How to extend cube root to complex numbers?

StevenSiew · July 4, 2020, 4:17am

I can find square root of complex numbers but not cube root

julia> sqrt(1 + 2im)
1.272019649514069 + 0.7861513777574233im

julia> cbrt(1 + 2im)
ERROR: MethodError: no method matching cbrt(::Complex{Int64})
Closest candidates are:
  cbrt(::BigFloat) at mpfr.jl:619
  cbrt(::Float16) at math.jl:1125
  cbrt(::Union{Float32, Float64}) at special/cbrt.jl:144
  ...
Stacktrace:
 [1] top-level scope at REPL[2]:1

So this is my attempt to extend cube root of complex numbers.

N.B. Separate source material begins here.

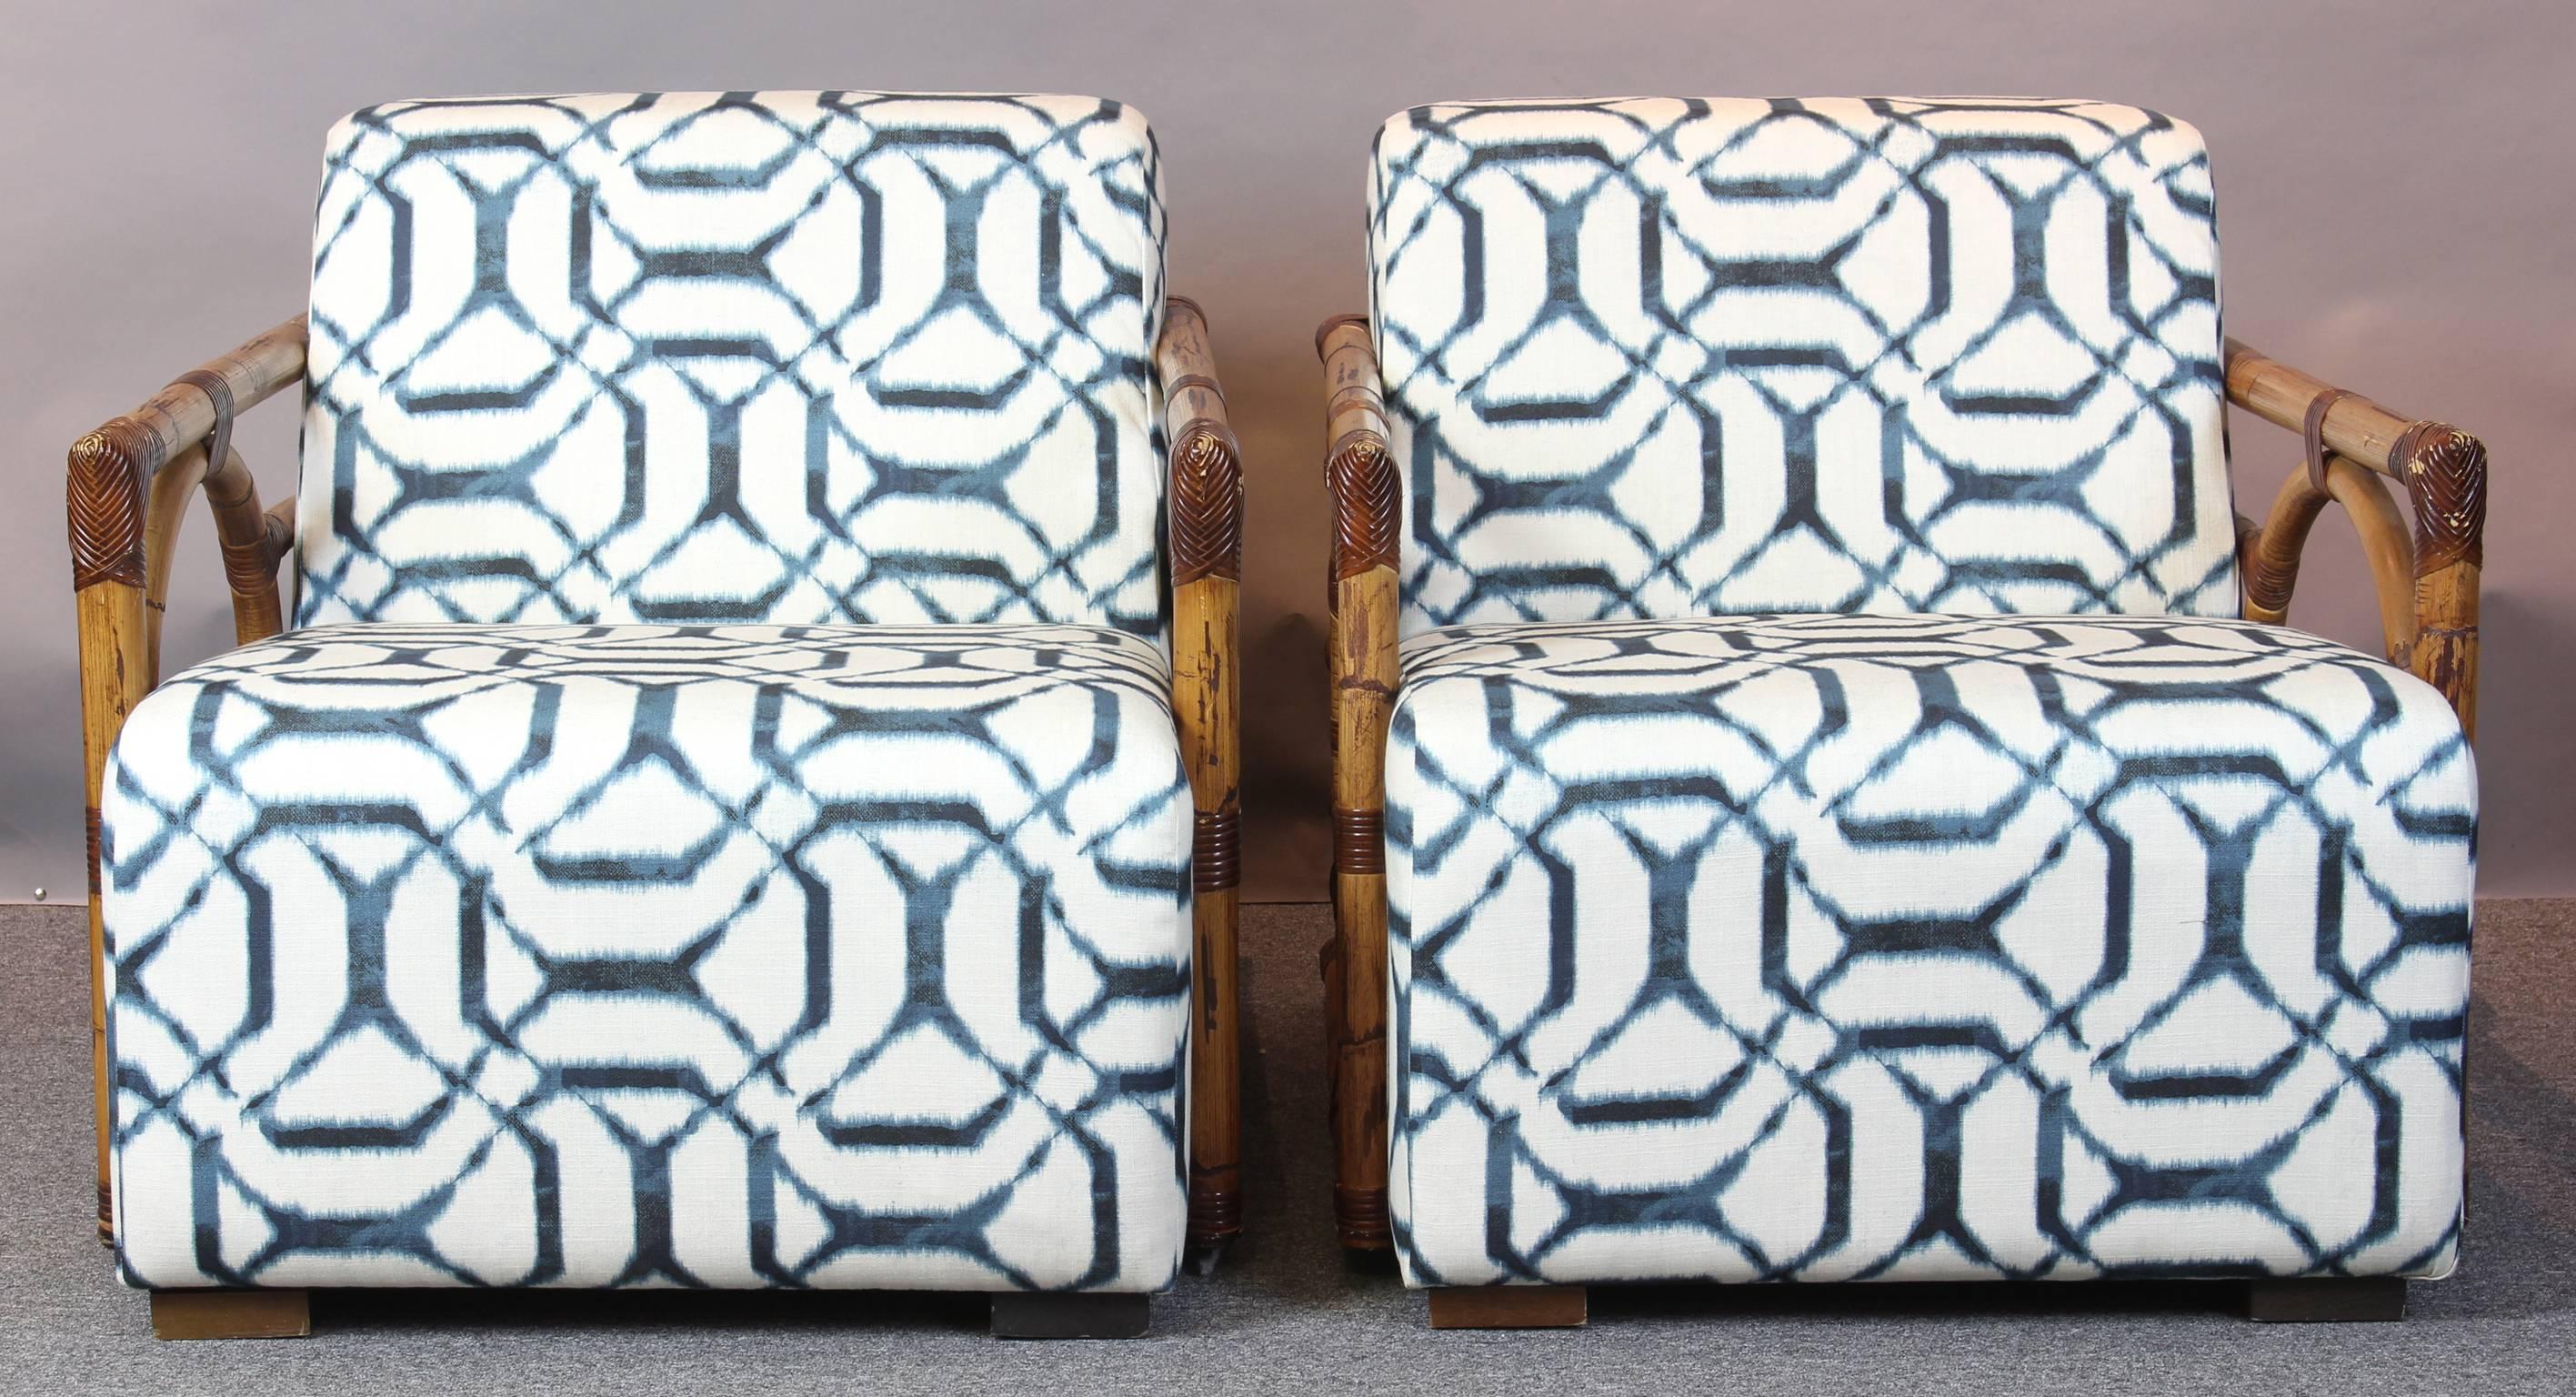 A wonderful pair of highly decorative Art Deco inspired rattan lounge chairs. The rattan displays exceptional color and finish, all bindings are complete and intact. The chairs have been recently upholstered in a cotton ikat fabric.
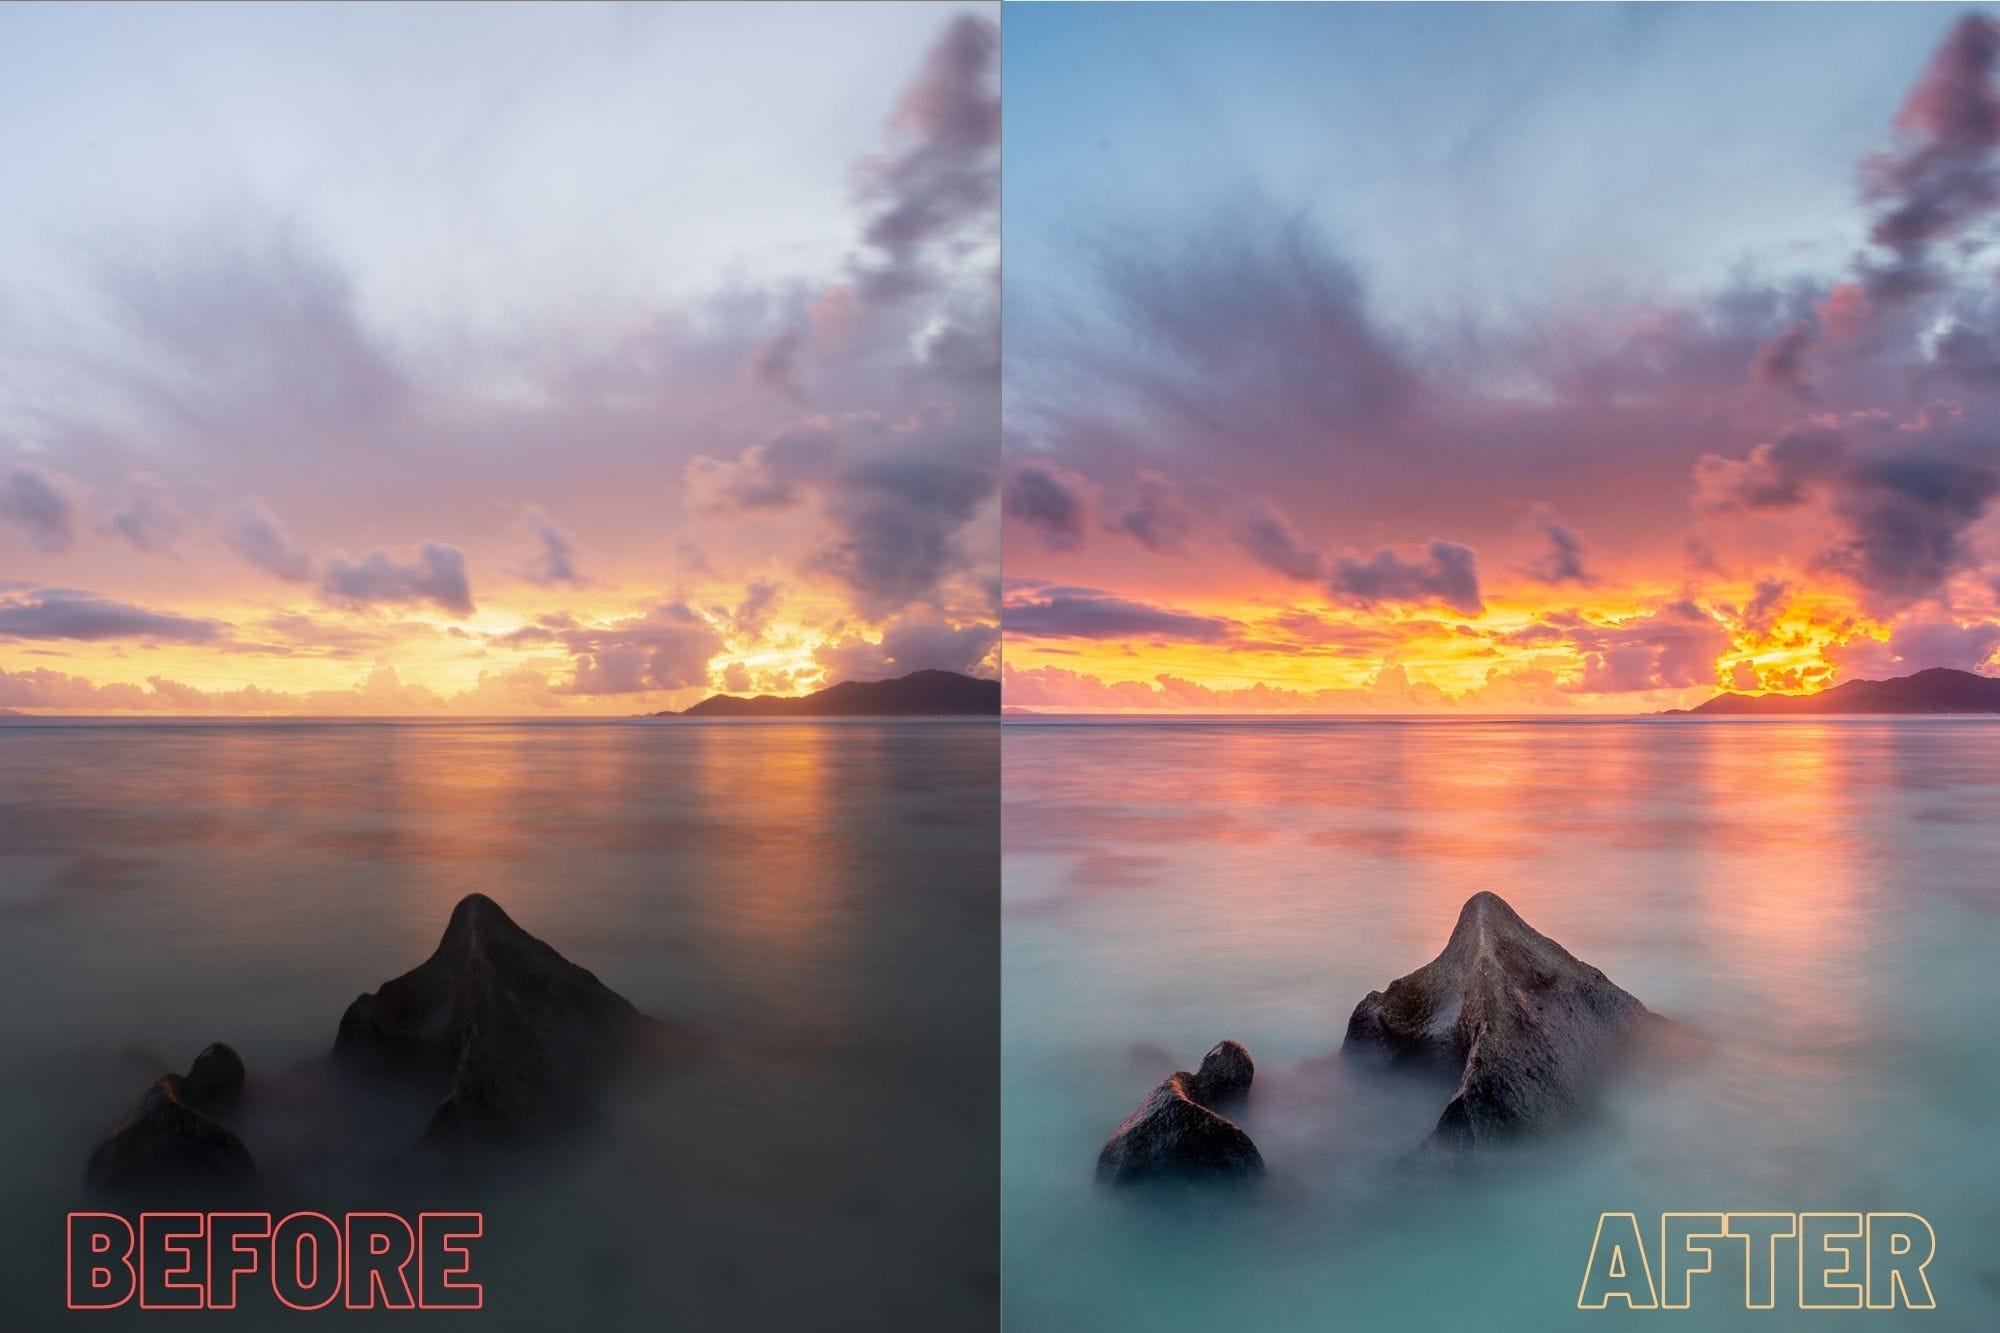 Free Lightroom Presets: Where to Download Free Presets and How to Install Them

Am I doing this right?

julia> import Base: cbrt

julia> cbrt(x::Complex{T}) where T = x^(one(T)/(one(T)+one(T)+one(T)))
cbrt (generic function with 6 methods)

julia> cbrt(1 + 2im)
1.2196165079717578 + 0.47171126778938893im

longemen3000 · July 4, 2020, 5:34am

What about the two other complex roots?

Tamas_Papp · July 4, 2020, 11:54am

I guess cbrt could be extended to complex numbers. Maybe open an issue? In the meantime,

julia> (1+2im)^(1/3)
1.2196165079717578 + 0.47171126778938893im

Like sqrt, it would have to pick one. AFAIK it is commonly called the principal root.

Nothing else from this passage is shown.